Sam contains 74 cups for studying ground-up rock. Most samples will be heated to 1,800 degrees, and three different instruments will be used to identify what gases are released, including the possibility of carbon-based molecules known as organics.
Confusingly, organic molecules can arise from nonliving chemical reactions, so the presence of organics would not prove the existence of life. Rather, the discovery of such molecules would add to the possibility of life on Mars long ago – or perhaps even today.
This will be the first search for organics since NASA’s two Viking landers in 1976. The two Vikings saw no signs of organics, which led to the dispiriting conclusion that there was no possibility of life ever on Mars. (A separate experiment did have results consistent with the existence of microbes in the soil, but most scientists concluded that it was the result of some odd, nonliving chemical reactions.)
New research a couple of years ago, however, suggested that the presence in the soil of chemicals known as perchlorates could have destroyed all of the organic molecules as the samples were being heated, thus giving misleading results. The Phoenix Mars lander discovered perchlorates in the Martian soil near the north pole in 2008.
Sam’s ovens are hotter than the ones on the Vikings and should destroy the perchlorates before they destroy the organics, said Paul R. Mahaffy, the principal investigator of the Sam instrument. In addition, nine of the cups include a chemical solvent that would allow analysis at lower temperatures.
Sam will also analyze the atmosphere, possibly confirming controversial claims that it contains methane. Methane, broken apart by sunlight and chemical reactions, lasts only a few centuries. If there is methane in Mars’s atmosphere, something must be making it – perhaps microbes.

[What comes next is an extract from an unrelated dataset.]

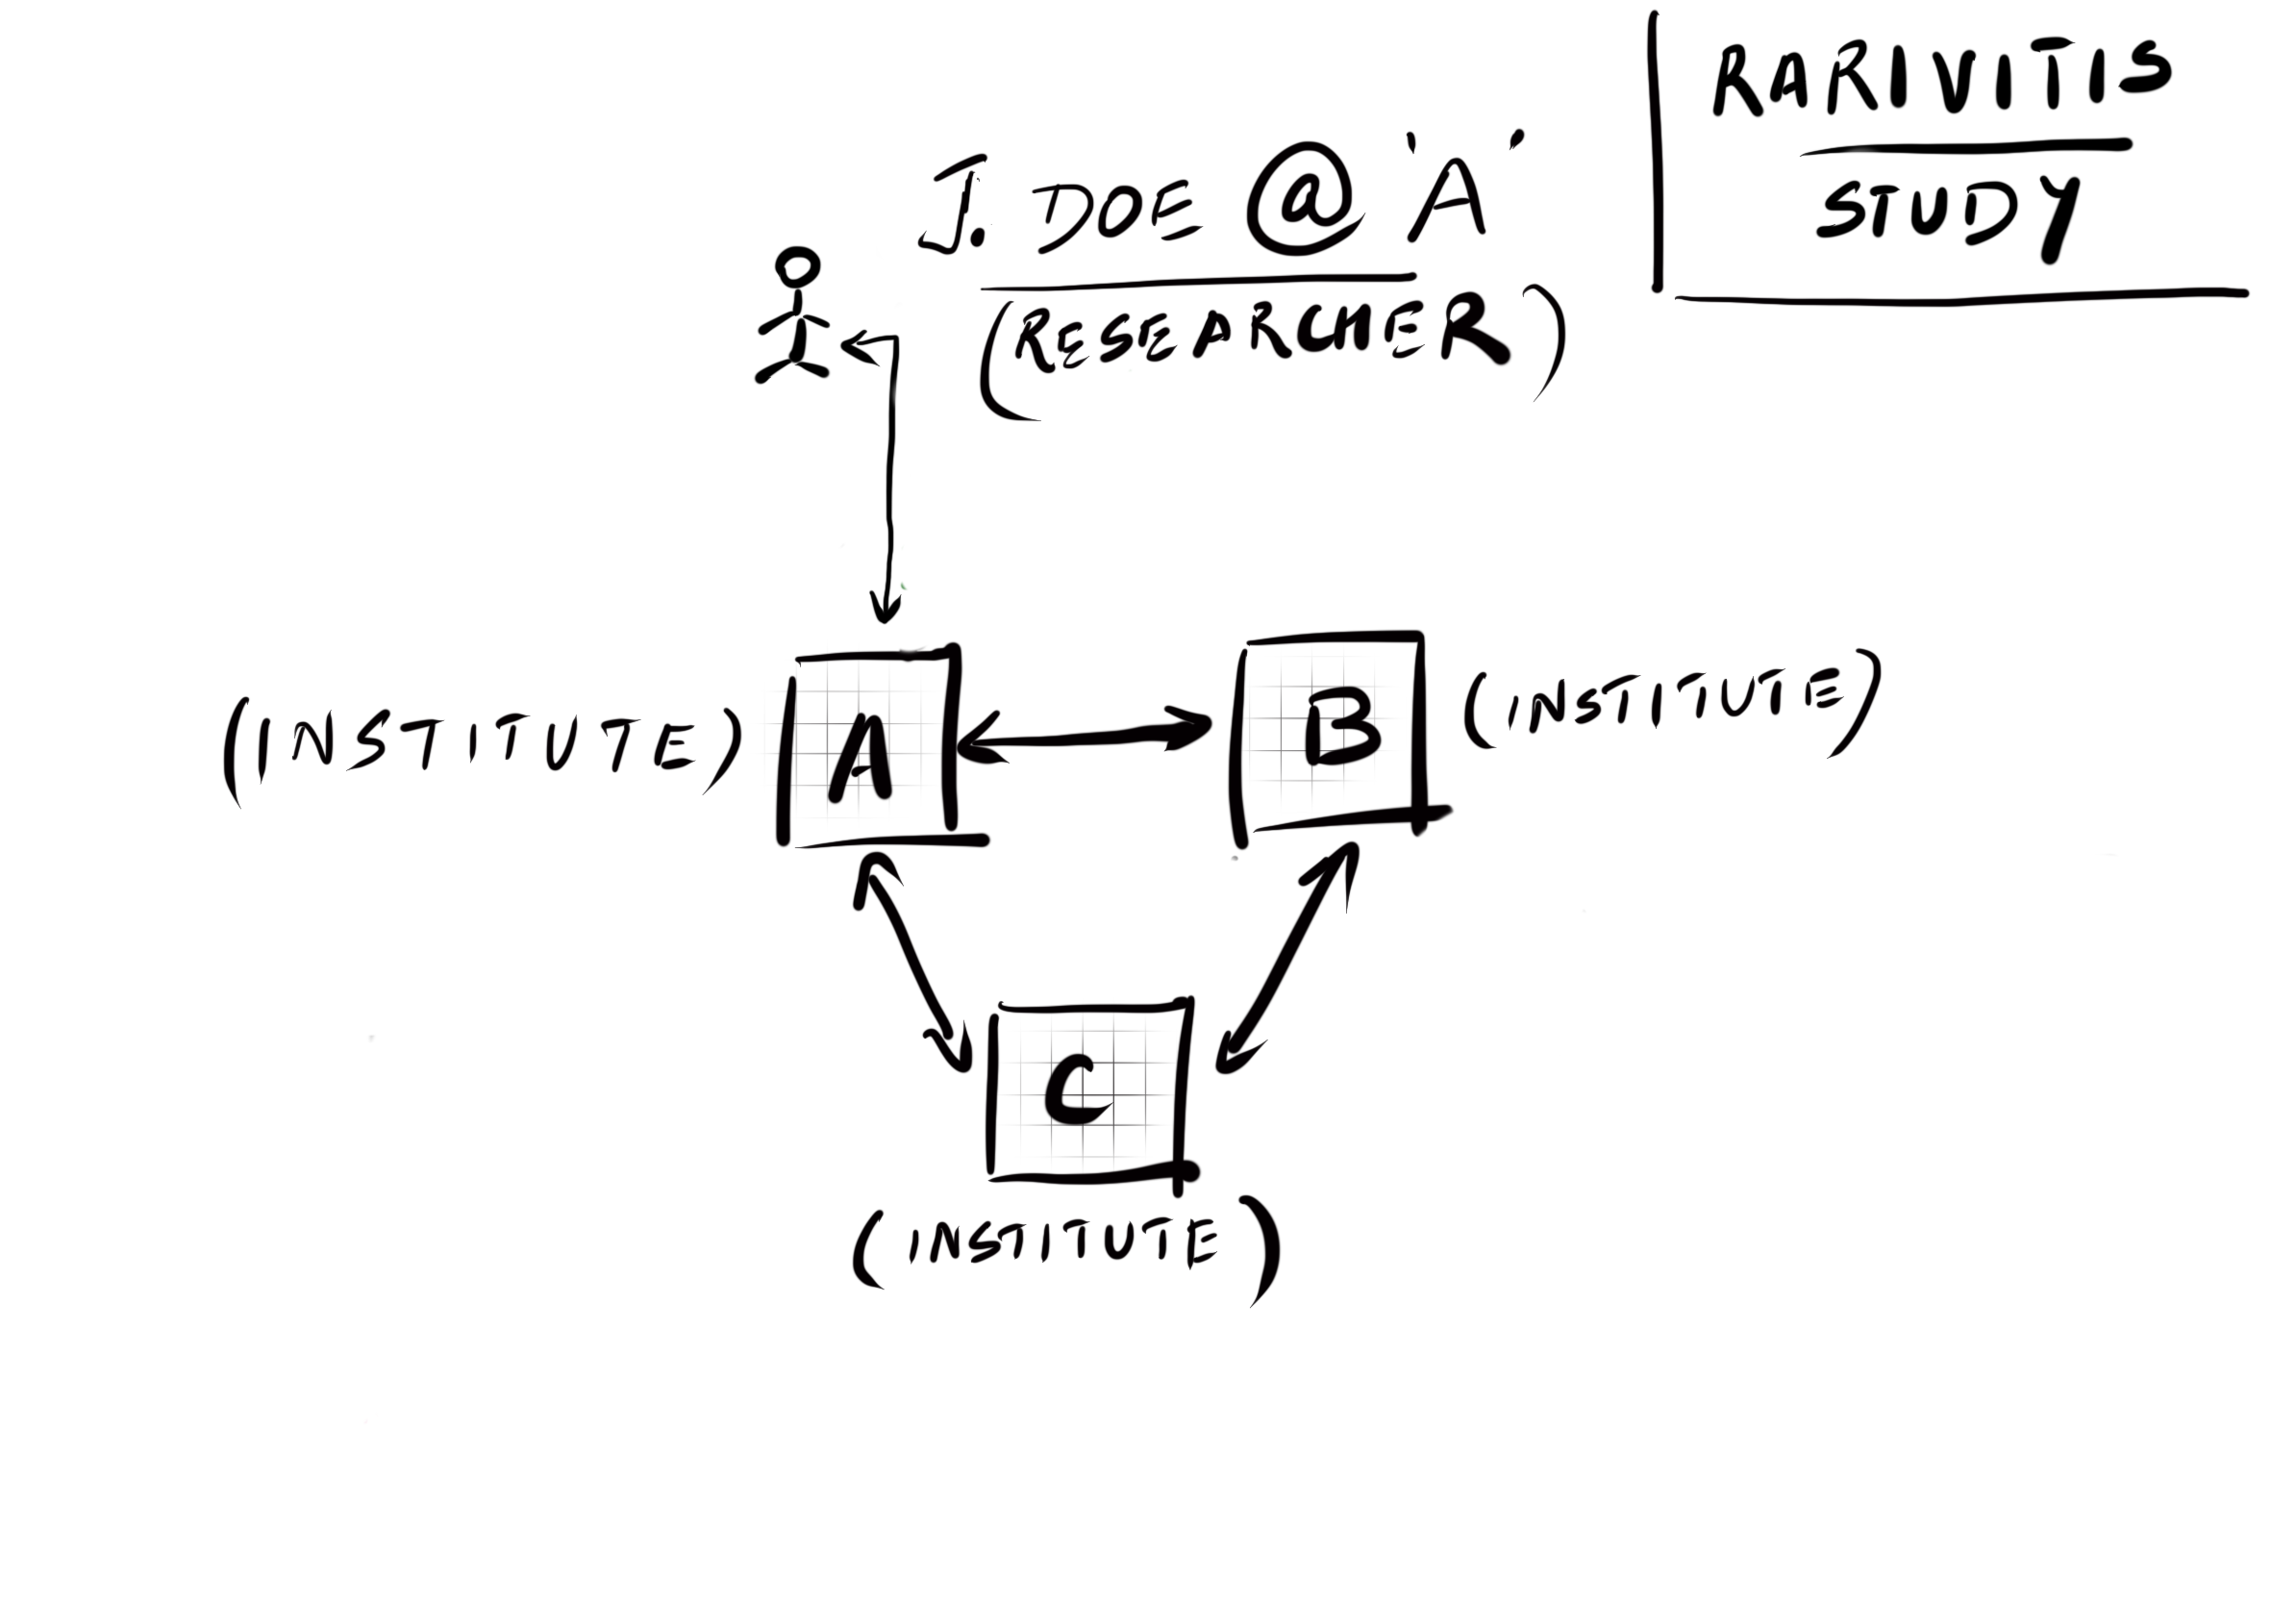 Diagram showing three institutes sharing data with a researcher of one institute logging in

The main mission is scheduled to last two years. Then again, the last two rovers, Spirit and Opportunity, were designed for only three months of exploration. Spirit lasted six years, and Opportunity is still rolling.
Unlike the earlier rovers, Curiosity is powered by plutonium, generating electricity from the heat of radioactive decay. It is the same type of power supply that the two Voyager spacecraft traveling at the distant reaches of the solar system have been running on for nearly 35 years.
If Curiosity lands successfully, it, too, could operate for decades.
“I’m on the edge of my seat,” Dr. Grunsfeld said. “I’m not going to sit back until it’s safely on Mars.”